Global Edge-Matched Admin Data
The Global Admin project is a data processing pipeline designed to take the best available administration boundary information from multiple sources (OCHA, government, OSM, GADM, etc), aggregating them into a single edge-matched dataset with a common schema using an automated methodology. The most detailed admin level available is used, ranging from 0-4 depending on the source. This dataset uses ISO-3 codes as the primary unit of edge-matching, with 249 currently used (not including disputed areas). Of these, 227 ISO-3 codes have subdivisions available: 114 sourced from OCHA, 106 from GADM, and 7 from public government data repositories. All these sources are matched to an admin 0 dataset produced by the UN Geospatial Information Section, and coastlines produced by OpenStreetMap. Data can be downloaded from the following links (updated weekly), last updated Monday, 15 February, 2021:
|Layer (ADM 0-4)||GeoPackage (GPKG)||File Geodatabase (GDB)|
|Boundary Polygons||wld_polygons.gpkg.zip (4.60 GB)||wld_polygons.gdb.zip (2.02 GB)|
|Cartographic Lines||wld_lines.gpkg.zip (751 MB)||wld_lines.gdb.zip (343 MB)|
|Label Points||wld_points.gpkg.zip (19.9 MB)||wld_points.gdb.zip (11.5 MB)|
The following links point to data catalogues used for this project, all data manually downloaded, and some transformations performed. These are some of the modifications performed on each source as a pre-processing step:
- OCHA: Boundary modifications are mostly limited to areas involving disputed boundaries, such as both Sudan and South Sudan claiming the Abyei Administrative Region. In this case, the area is removed from both countries when performing edge-matching, and represented as a disputed area in the admin 0 layer. In rare cases, topology cleaning is also required. For attributes that have not been formatted to the ITOS geodatabase standard, as defined by documents on GitHub, tables are manually changed to match this so they can be automatically read.

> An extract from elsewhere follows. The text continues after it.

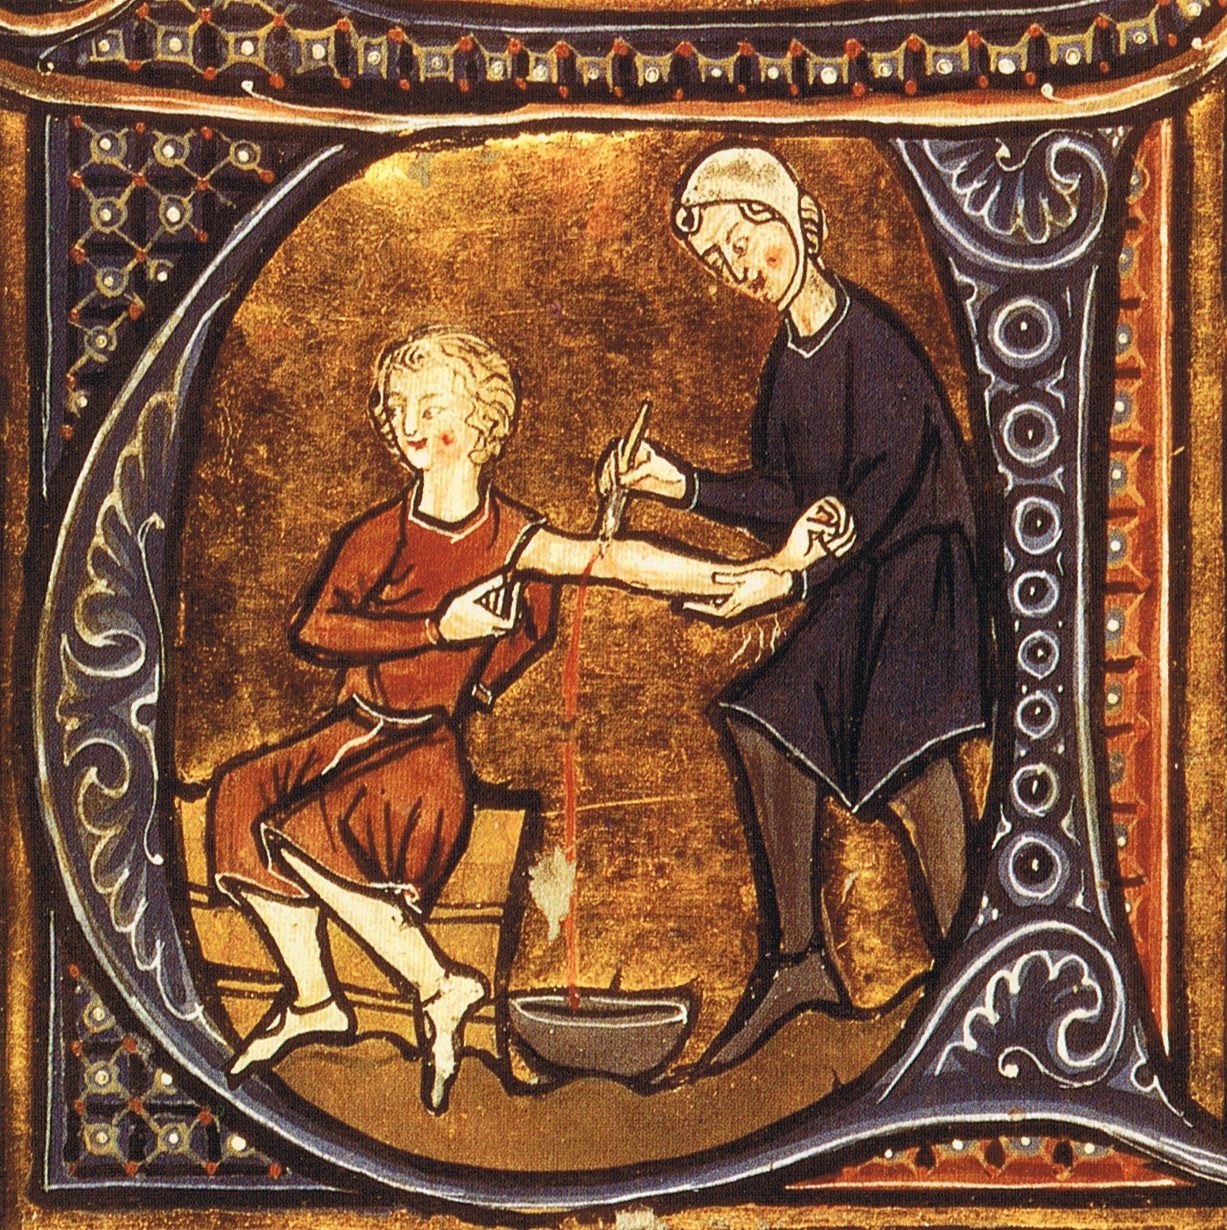 An illustration of the medieval practice of blood letting A woman is cutting into the arm of another woman using a knife. Blood is running down into a bowl in a stream of red.

- GADM: Lakes and water bodies are classified as administrative regions with no names in this dataset, and are therefore removed before performing edge-matching.
A common problem of merging spatial data from different sources is the existence of gaps and overlaps between sources. There are many ways to address this problem, with the approach taken here being to generate borderless digital boundary files for each input. In this context, a digital boundary file is one that does not follow shorelines and international boundaries, but rather stretches out with simplified edges, intended for users to clip with their own shorelines and international boundaries. For example, Statistics Canada uses a digital boundary file when creating census blocks, later clipped with lakes and shorelines to derive a layer suitable for reference maps.
Just as with boundaries, merging attribute columns between sources with different schemas need to be conditioned so that columns align with each other. The following schema is used.
Repeating in layer
The following columns repeat for each higher level in an admin layer. An admin 2 layer will include attributes for adm2, adm1, and adm0. Replace the "X" with the indicated level.
|admX_id||Automatically generated ID used for internal pipeline management.|
|admX_ocha||P-Code taken from OCHA sources. If not an OCHA source, a P-Code like ID is generated using the ISO-2 code.|
|admX_name1||Primary administrative region name. Uses the language defined by the "lang_name1" column.|
|admX_name2||Secondary administrative region name. Uses the language defined by the "lang_name2" column.|
|admX_name3||Tertiary administrative region name. Uses the language defined by the "lang_name3" column.|
|admX_namea||All other names listed for a region are combined together using the pipe ( | ) symbol.|
Once per layer
These columns only appear a single time per layer, providing layer metadata.
|lang_name1||Primary language used for "admX_name1".|
|lang_name2||Secondary language used for "admX_name2".|
|lang_name3||Tertiary language used for "admX_name3".|
|src_name||One of: OCHA, GOVT, GADM.|
|src_url||Link where the original data source can be downloaded.|
|src_date||Date original dataset was produced.|
|src_valid||Last date original dataset was reviewed.|
|adm_max||Most detailed administrative level available for a particular ISO-3 region.|
Only in admin 0
These columns only appear in the admin 0 layer.
|adm0_fid||Feature ID code used to differentiate states and self-governing territories sharing the same ISO-3 code.|
|adm0_name||Romanized name associated to the region defined by adm0_fid.|
|adm0_label||Map label to be used for a region defined by adm0_fid.|
|adm0_cont||Code of the continent a given ISO-3 belongs to.|
|adm0_color||When creating thematic maps, features sharing the same value for this column should be coloured together.|
|adm0_stsc||Indicates the sovereignty status code of the region given as an integer.|
|adm0_stsn||Indicates the sovereignty status of the region (State, Territory, Special Region, etc).|